» WHAT TO DO
The copy must match the data below line for line and contain no images.

» SUPPLIED INFORMATION
────────
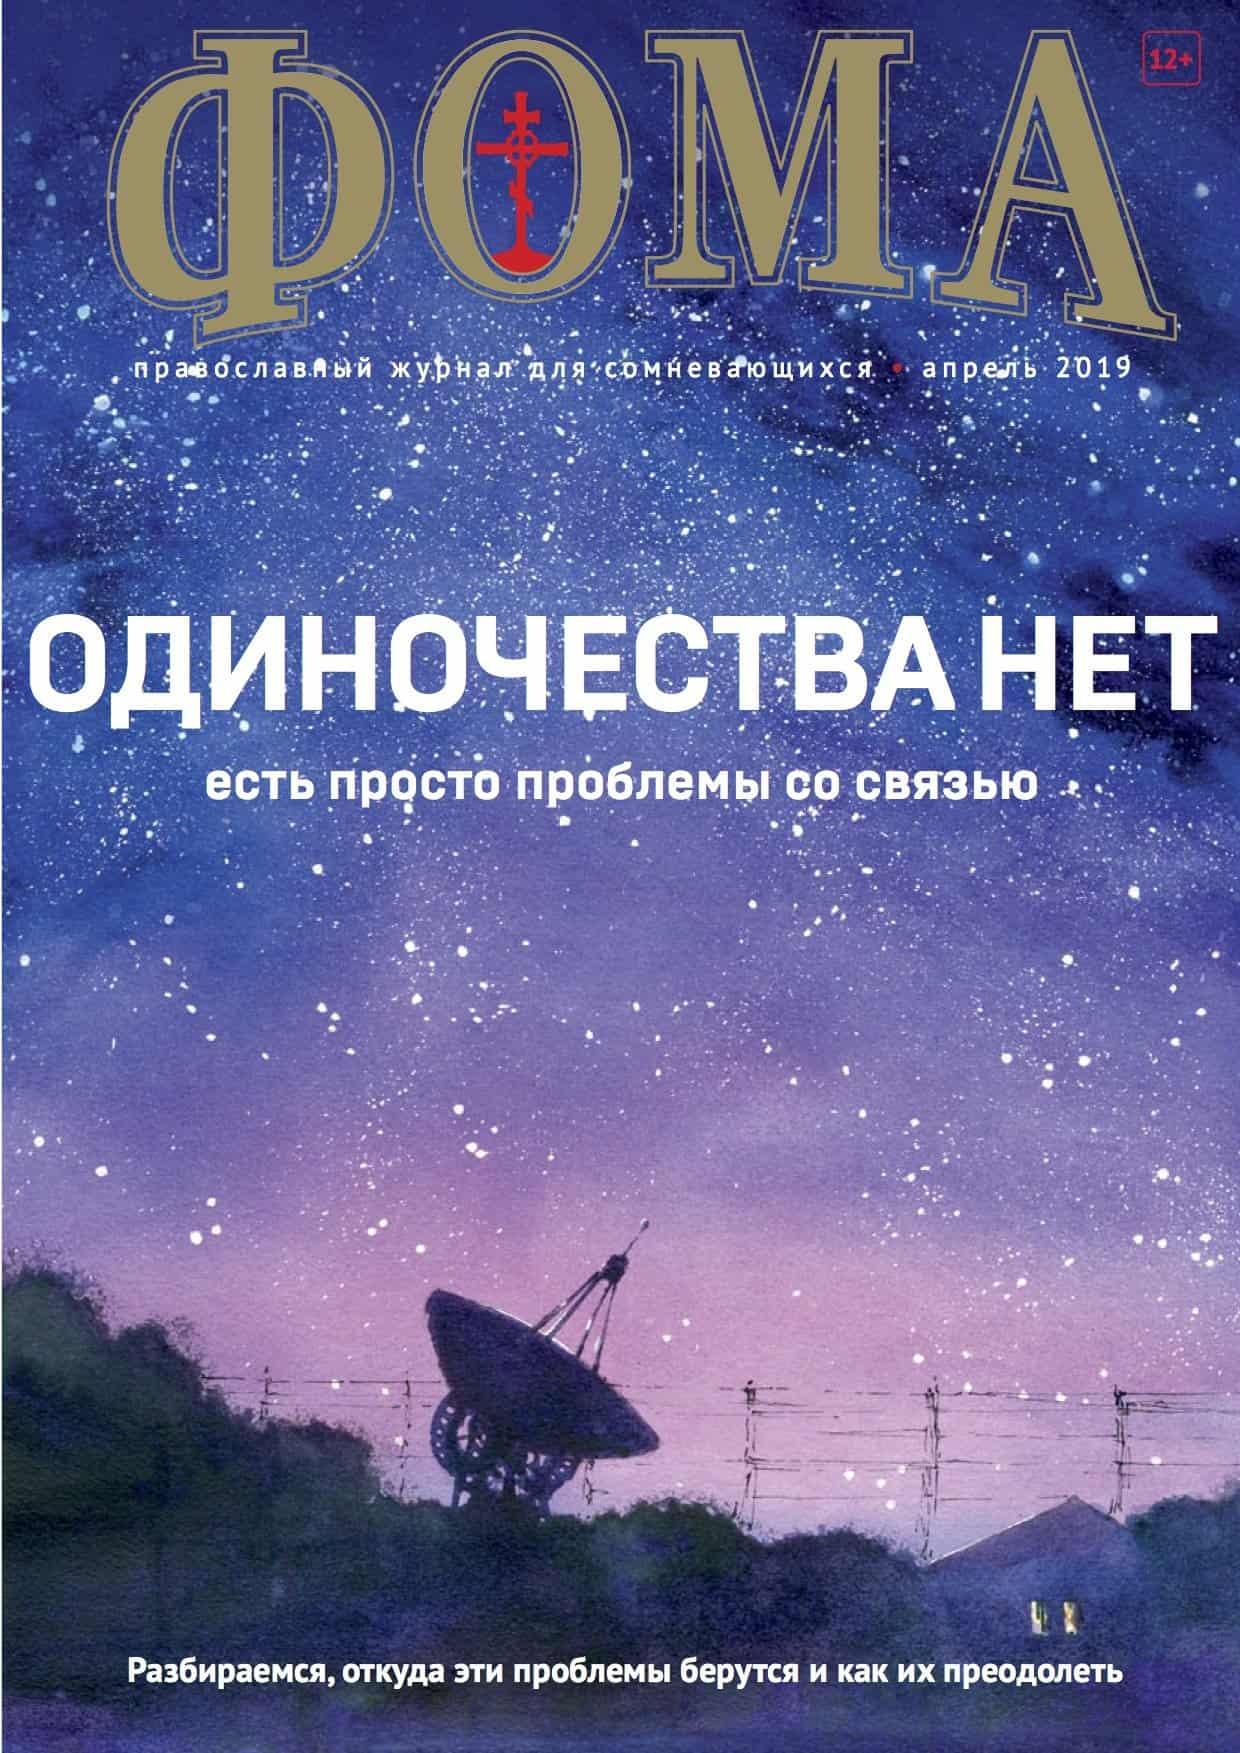 Апрель 2019 (192) №4
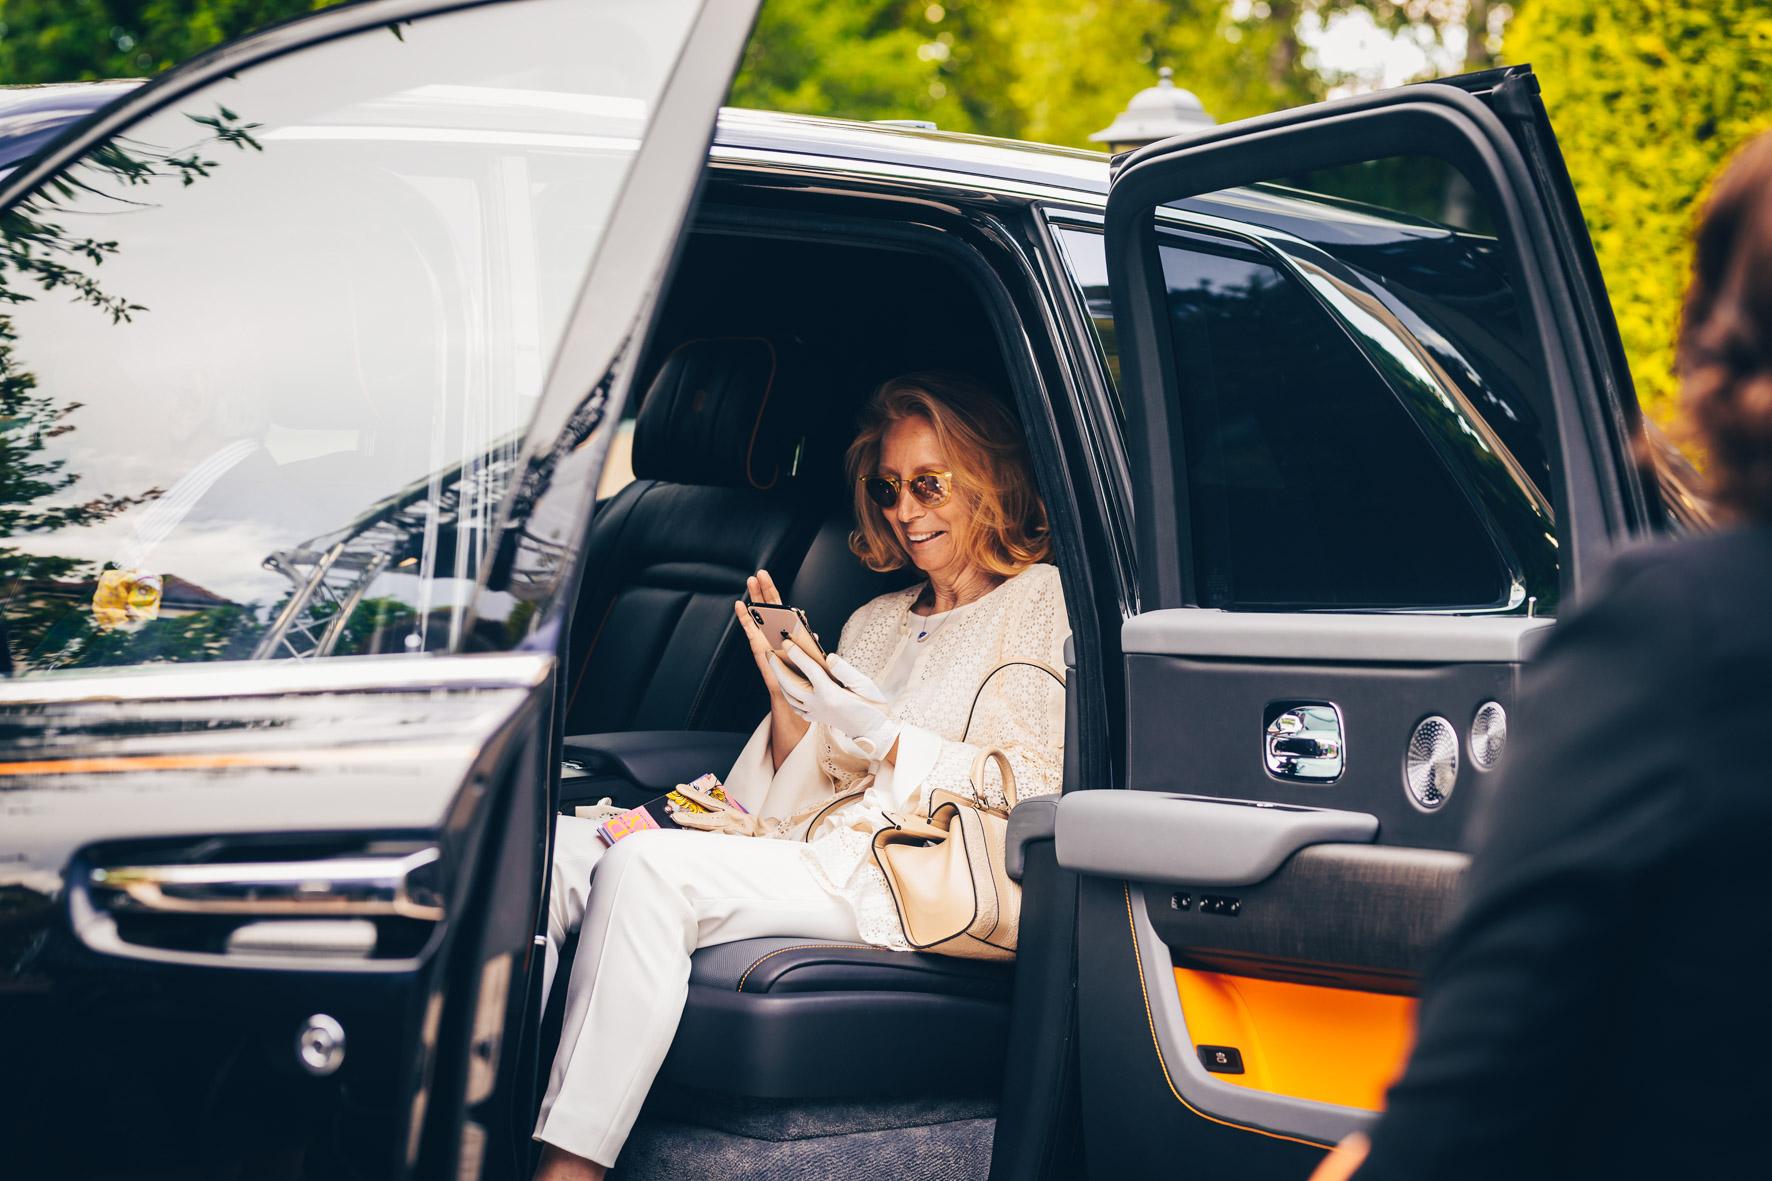 Konrad-lifestyle-art-basel-%22rollsroyce%22-2019-33.jpg
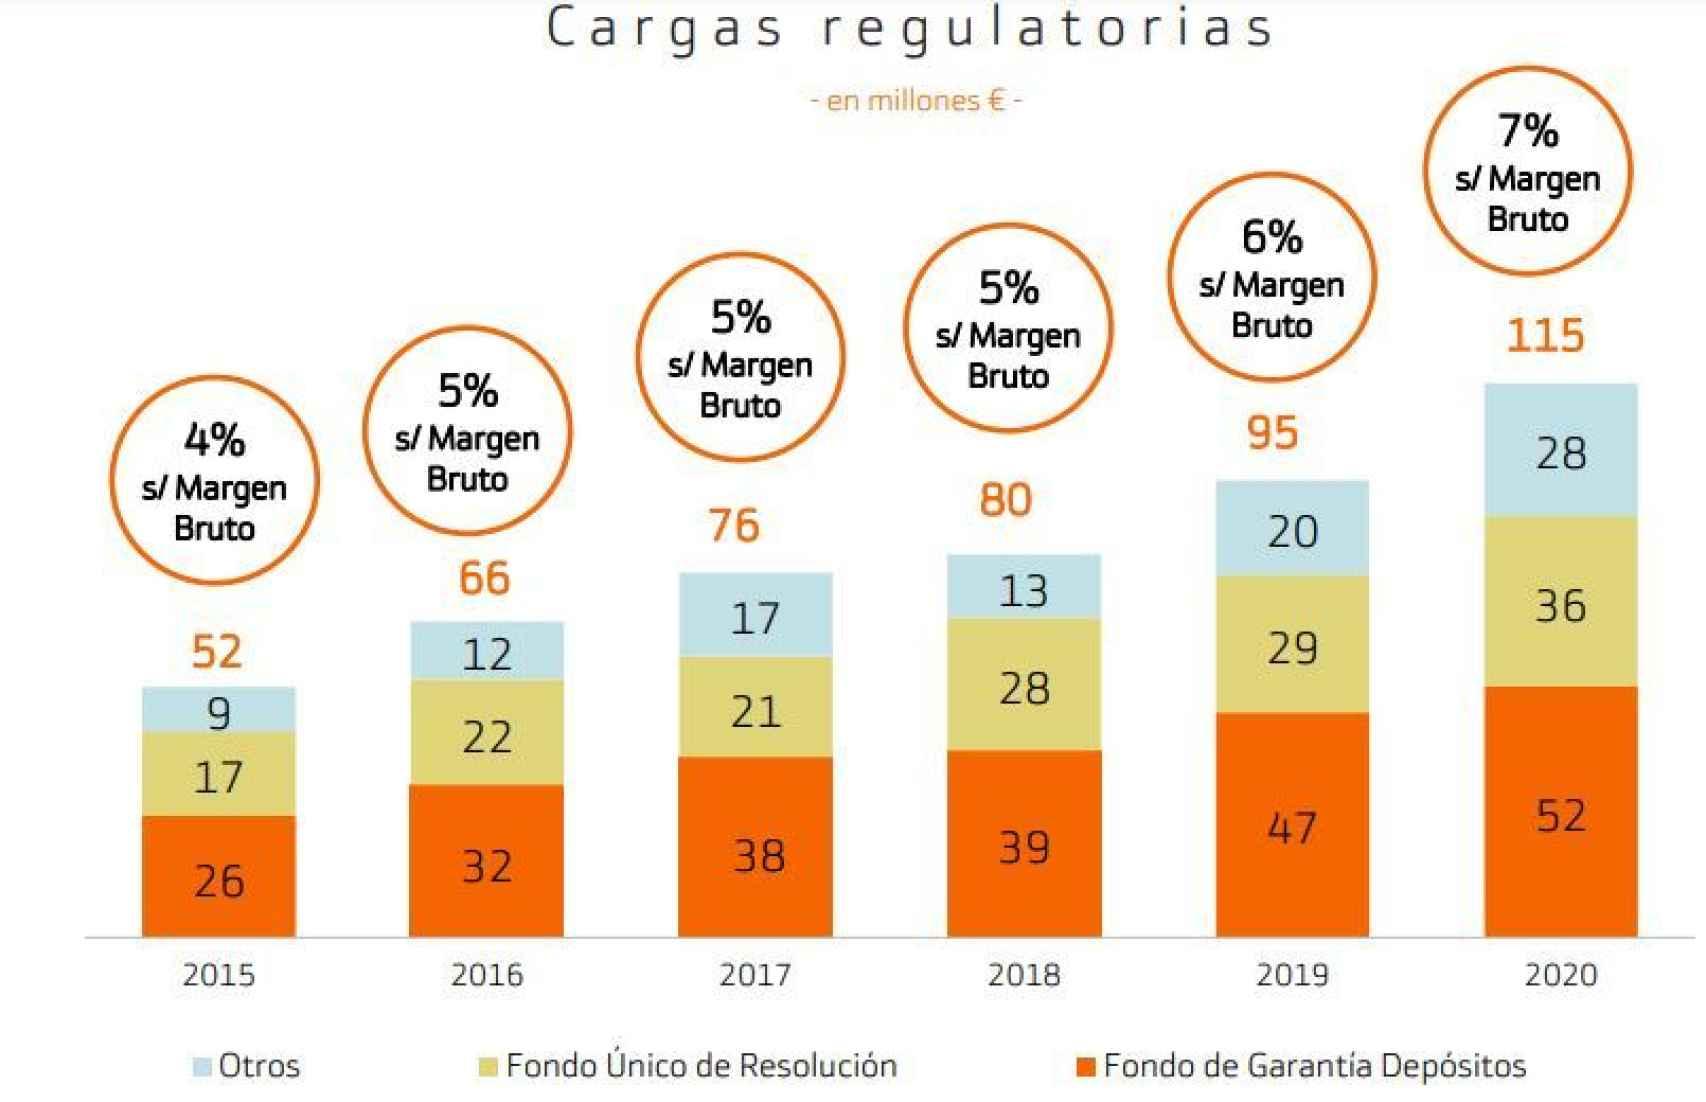 Cargas regulatorias
────────
» RESPONSE TO THE TASK
 Апрель 2019 (192) №4
 Konrad-lifestyle-art-basel-%22rollsroyce%22-2019-33.jpg
 Cargas regulatorias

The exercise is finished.